The campaigns described in the last two issues of Community Living (‘Forgotten lives commemorated’, autumn 2018, page 26; ‘Ignored and forgotten – in death as in life’, summer 2018, page 16) show that proper respect for the people buried in institutional graveyards is important. The way people are treated in death is often a vital clue to understanding the way they were treated (or mistreated) in life.

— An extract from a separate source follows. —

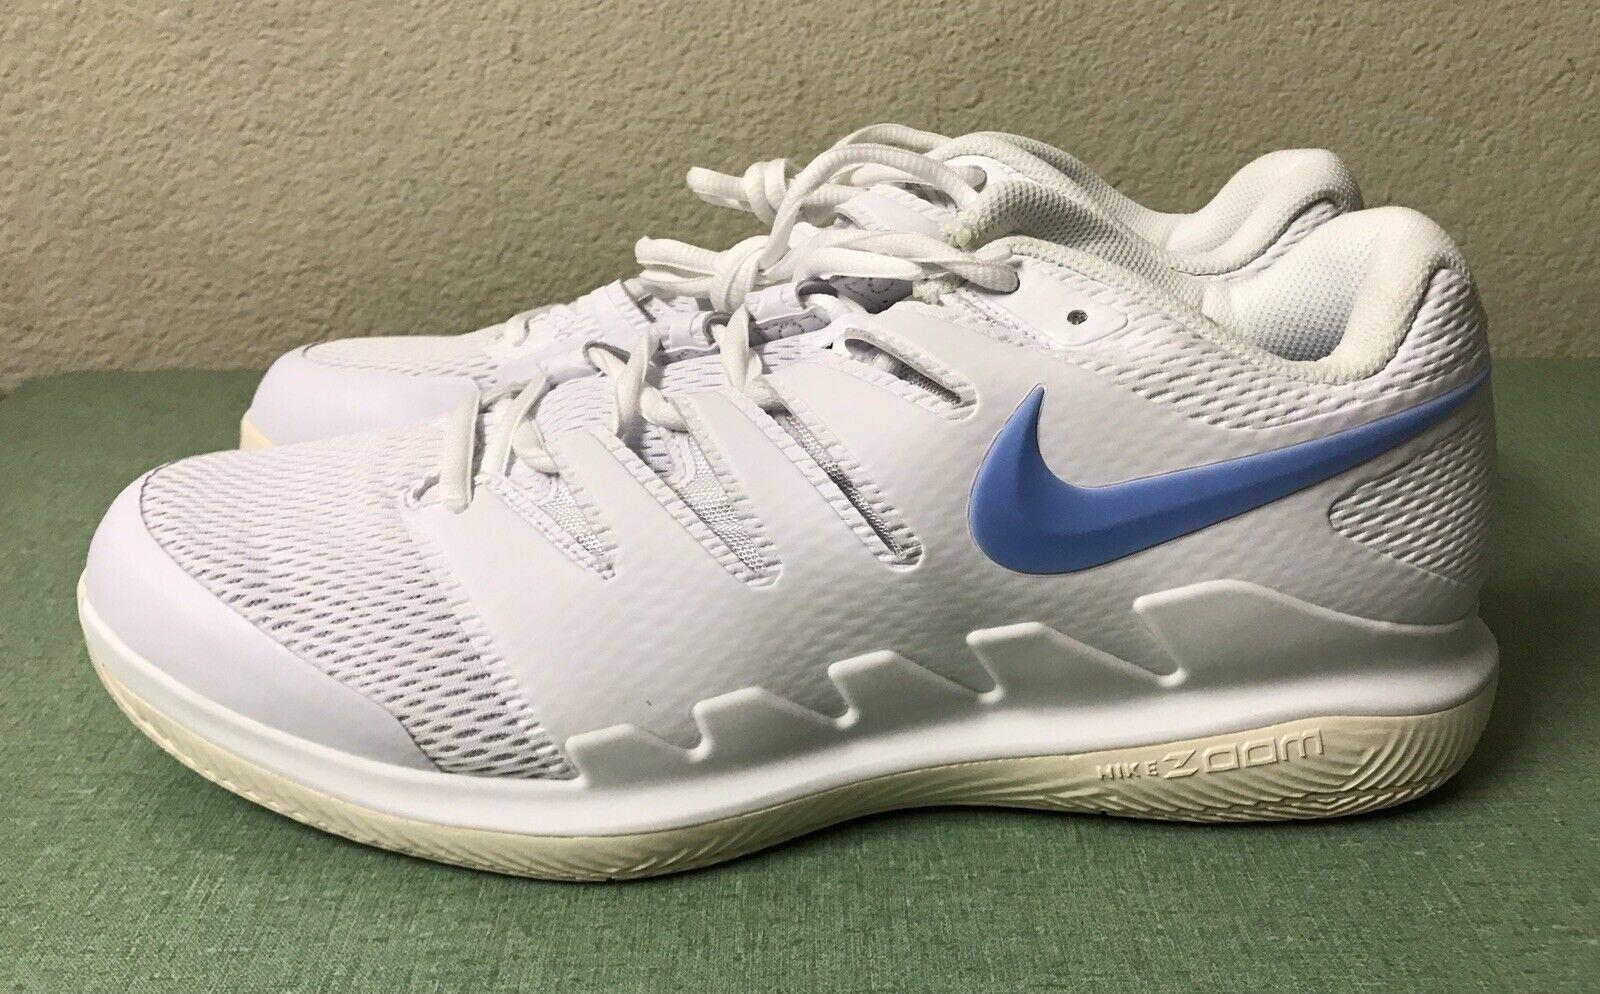 Nike Air Zoom Vapor X HC White bluee Tennis shoes Mens Sz 12.5 Federer Nadal NEW
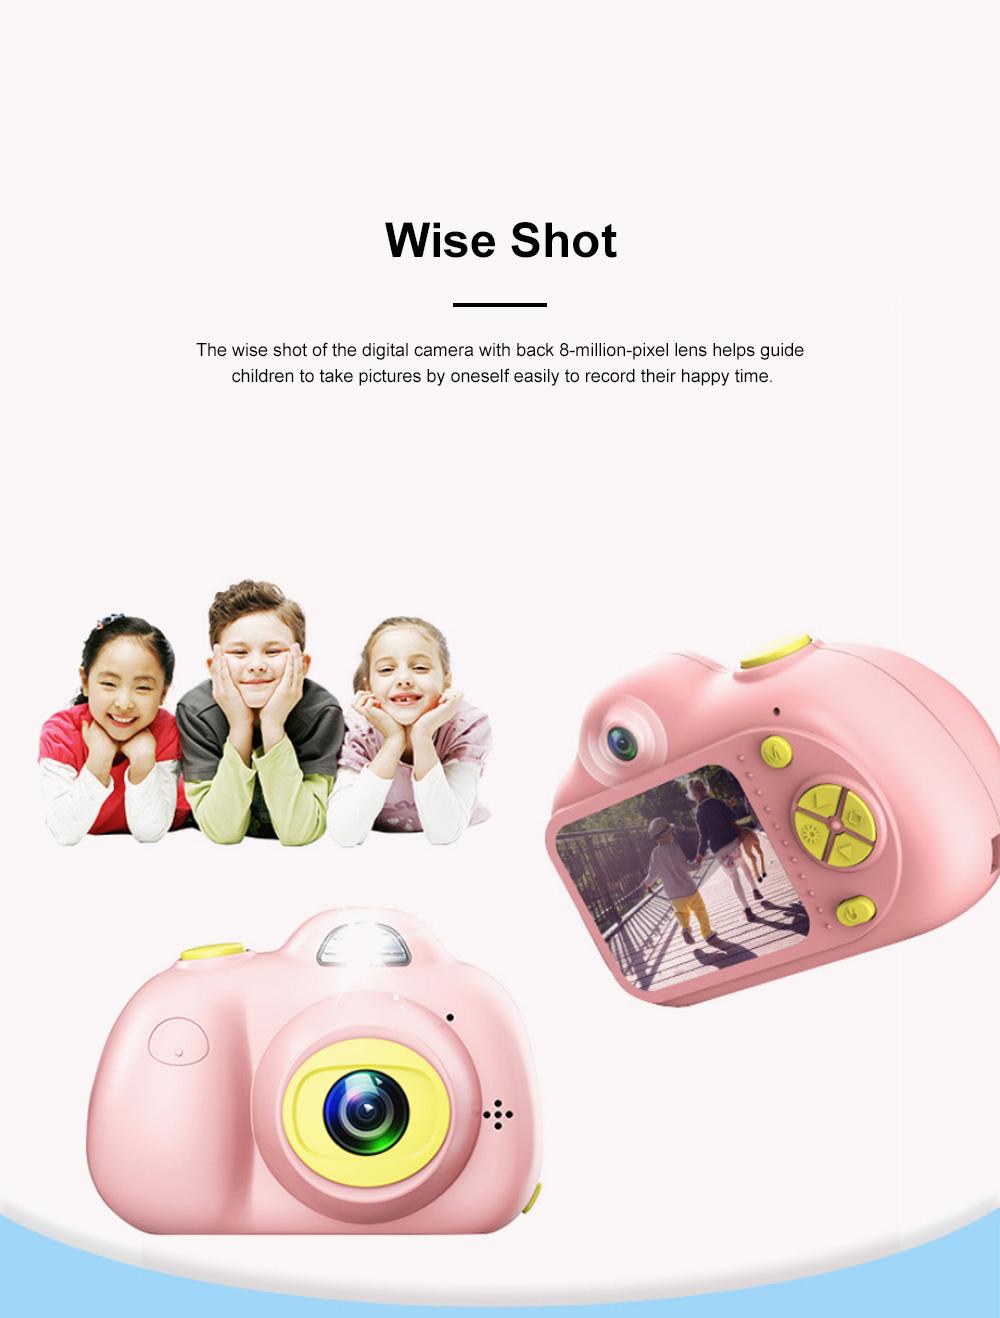 Children Digital Single Lens Reflex Creative Gift Household Use Broken-resistant Twin Lens Toy Camera Mini Funny Kids Digital Camera 1

There is also a more sinister possibility we need to explore. With evidence that people using learning disability services today experience serious health inequalities and are at significant risk of premature death (Mencap, 2007; Michael, 2008; Emerson and Baines, 2010; University of Bristol; 2013; 2018), we have to ask difficult questions. Were any of the historic deaths we identified preventable? If they were, why were they assumed to be natural and not investigated as potentially suspicious? Is it possible that serious care failings were concealed? Were opportunities to protect other patients missed?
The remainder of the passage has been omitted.